Senara herself had taken on aspects of the Magi's techniques with her use of the Force, but this was all of the differences Anaïs had seen between her friend's Force use and that of the native students, collected and magnified. "How?" the Padawan asked, unsure. For Magi-based techniques, the pale Force Adept had been happy to share and collaborate, but the woman had also been tight-lipped about her home world and people, other than vague statements about its dangerousness, which didn't help the Jedi narrow things down.
"Of course you'd find ze totem zat fast," Senara remarked fondly. "Vhy would I expect anything else? My apologies, Anaïs, but zat, is a secret of my people." With a smile, the woman pulled out her bedroll, stretching it out over the bench, explaining its purpose. "Really, I should not even be showing you zis much, but I von't tell my elders if you don't," she explained with a small smile.
Making a zipping motion, Anaïs smiled back, as they both took out their rations, the Jedi taking out the small stove that came with her survival gear, heating their meals, a small glow-rod activated to cast light across their small haven.
Both women ate their dinners in silence, looking out the 'window' Senara formed, the totem keeping them hidden. As night fully fell, more and more things started moving, large shapes prowling the forest floor, while birds, lizards, and more moved around the upper layers, all of them giving the shelter a wide berth.
Then, slowly, the lights started to appear.
At first it was an odd little glow here and there, but soon enough there were dozens of points of illumination as bioluminescent life revealed itself, changing the darkness into a dance of colors and shadows that captured the eye, and Anaïs sat there, accepting the cup of herbal tea Senara passed her, taking it all in.
The Force in the forest had been calm, the larger creatures making some small waves here and there, but otherwise still. Now it reminded her of nothing so much as the ponds of the Temple gardens, when the plants were watered, the falling droplets turning the still, placid surface into a riot of ripples, none so great as to blot out the rest, forming abstract patterns.

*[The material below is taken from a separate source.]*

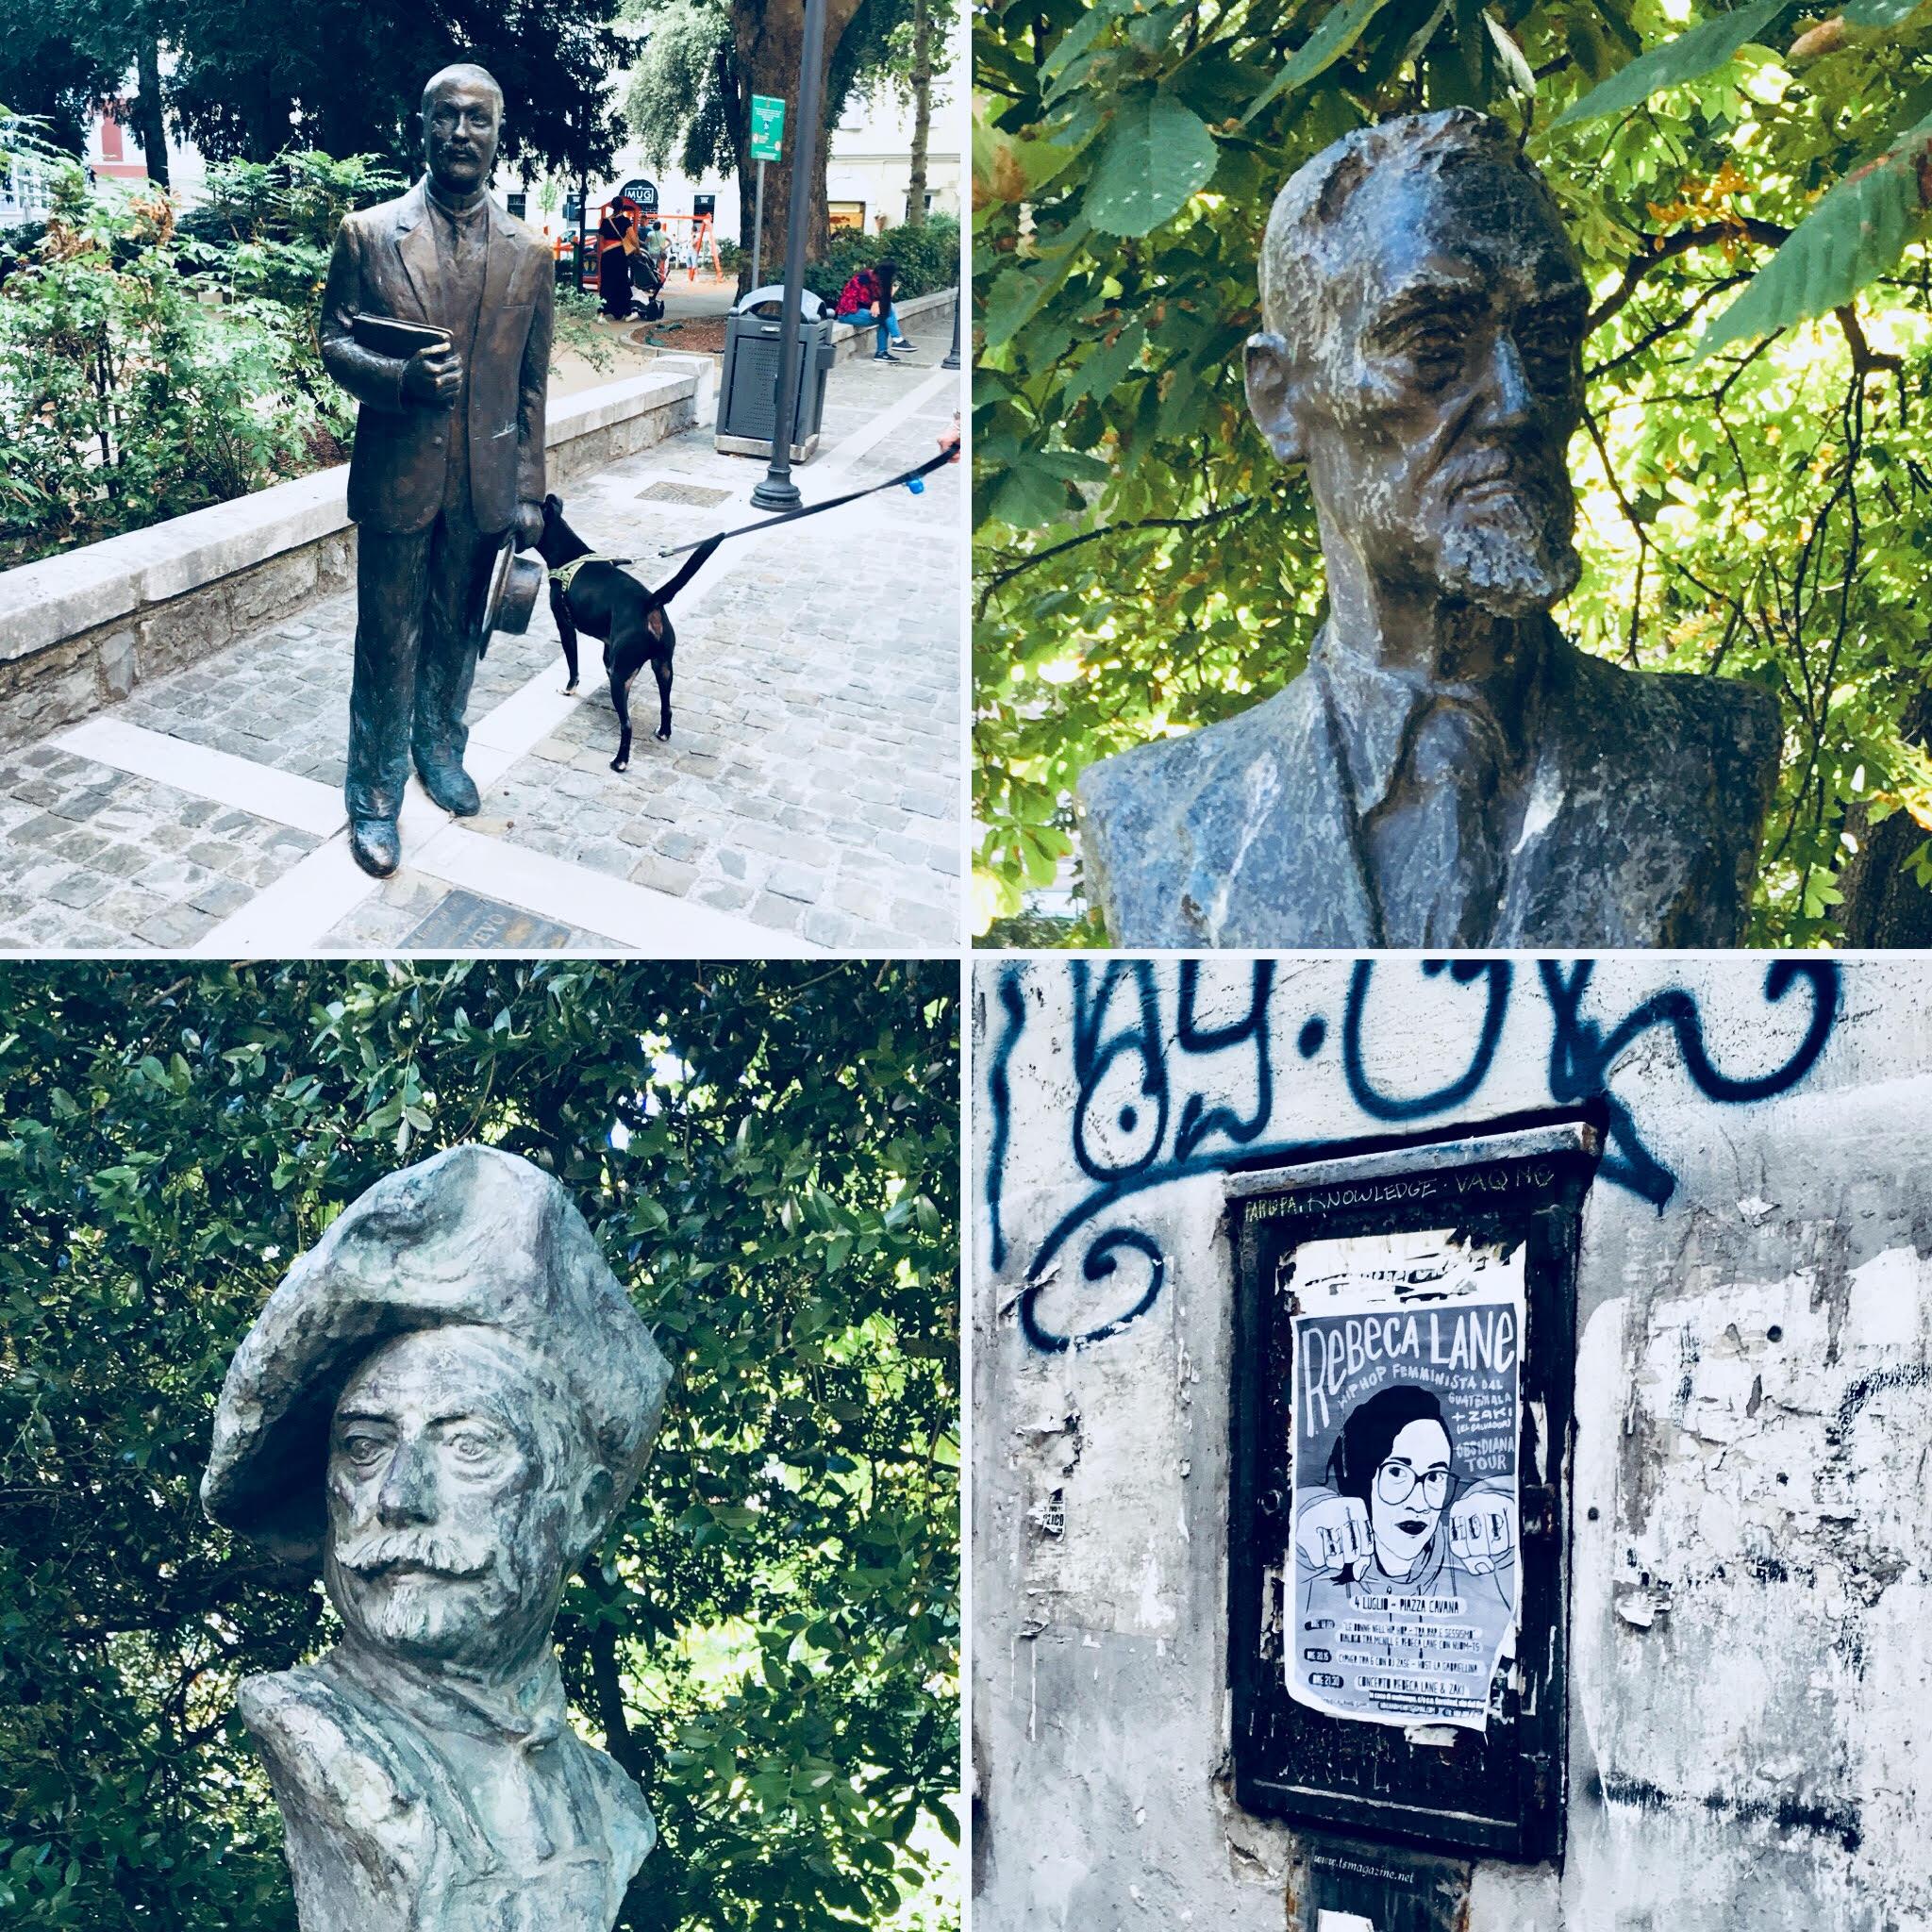 פסל עירוני של הסופר היהודי Italo Svevo ופסלים נוספים מפארק טומסיני (צילום: הילי ברוק בלום)

Everything here used the Force, it seemed, a hundred different creatures using it in a hundred different ways. A collection of insects, all glowing with faint actinic blue light, moved together, small crackles of electricity jumping between them, the lot of them flaring as one, both in brightness and in the Force, when a lizard unleashed a long tongue at them, a soft snap as a small bolt of lightning struck out, deflecting the appendage, only for a black bird, that seemed to have cloaked itself in shadows, to drop down as the glow faded and snatch a single flying beetle, flapping off into the darkness of a nearby branch with its prize and a muffled caw of victory, calling the shadows back around itself with the Force.
The forest was beautiful, but it was equally dangerous, and she had to wonder how many people had gone for a hike, never to return. When she asked, her friend shook her head, putting the Padawan's fears to rest.
"How long did ve travel, Anaïs, before ve found danger?" the Force Adapt questioned, smiling at her friend's baseless worries. "And how long vould it take someone untalented in ze arts of magick? Days? A veek? And zen, vhile useless for us, given vhat we hunt, zose dirt-dogs vould still be valuable for the poorest Bhoyarian. A hunt vorth the dangers. No, any magick-gifted creature zat comes too close to ze city is culled, and ze deeper one goes, ze more dangerous, ze more wonderous, and ze more profitable, zey become."
"And what we're hunting?" the Jedi asked.
Black lips twisting into a wry smile, Senara answered, "A custom order? And one zat vill take both of us to slay? If ve succeed, and ve will, even cut in half, each of us vill be very, very comfortable."